Triple & Quadruple witching hour explained & distinguished

Brokers generally understand these terms to refer to extra volatility in the final hour of the third Friday of the month (or the last hour of the last trading day before the third Friday if the third Friday is a holiday). Volatility may be even higher on the third Friday of the quarter where additional futures contracts (SSFs) expire. These terms are imprecise, in that "witching hour," "triple witching" hour and "quadruple witching hour are used informally and almost interchangeably for third Friday volatility.


... “quadruple witching hours!”

What sounds like a line from a cheap horror movie is actually a warning you are likely to hear four times a year when four speculative derivatives all expire on the same Friday.
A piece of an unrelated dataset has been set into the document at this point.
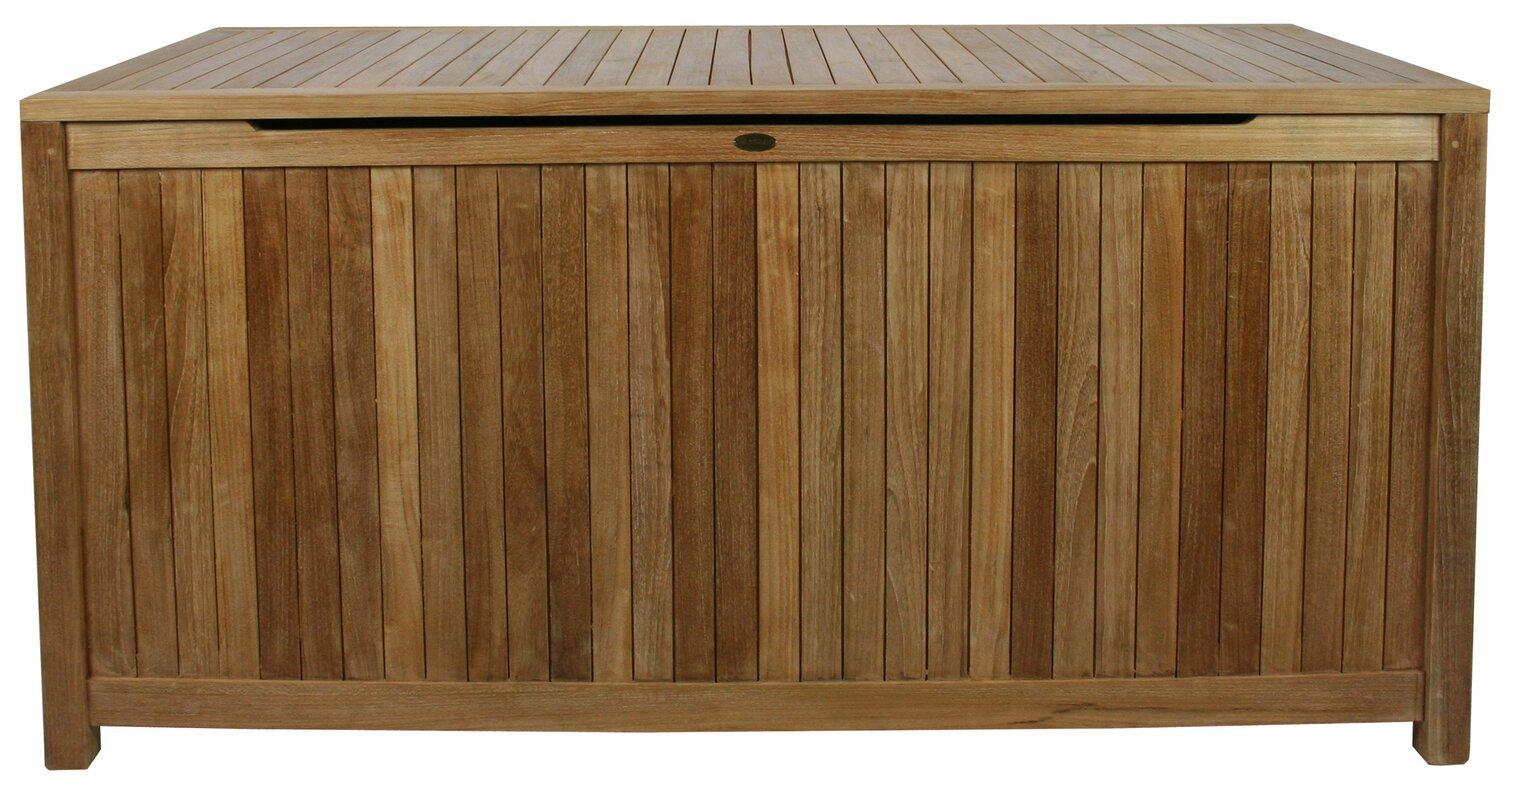 Bay Isle Home Everleigh Teak Deck Box

The event happens on the third Friday in March, June, September and December when options, index options, single stock futures and index futures all expire on the same date. http://stocks.about.com/od/advancedtrading/a/0911triplewitch.htm


quadruple witching hour

Definition

The final hour of the stock market trading session on the third Friday of March, June, September, and December, when in addition to the expiration of option contracts and futures contracts, which indicates a triple witching hour, the expiration of single stock futures (SSFs) also occurs. http://www.investorwords.com/6894/quadruple_witching_hour.html



No MacBeth. —Preceding unsigned comment added by 64.105.0.217 (talk) 18:22, 15 August 2009 (UTC)[reply]

Do Single Stock Futures still expire only quarterly? Or is it every month?

I see options on single stocks available that expire in every month, not just in the last month of each quarter. Does a "Quadruple Witching Hour" now occur every month, but is called a "Triple Witching Hour" by tradition? Does the last hour matter less than it did because it is now the price at the open on that third Friday (or the last trading day before if the third Friday is a trading holiday that sets the price for closing the options that expire that Saturday (or on Friday, if Friday is a trading holiday)?

Perhaps an expert is needed to sort this through?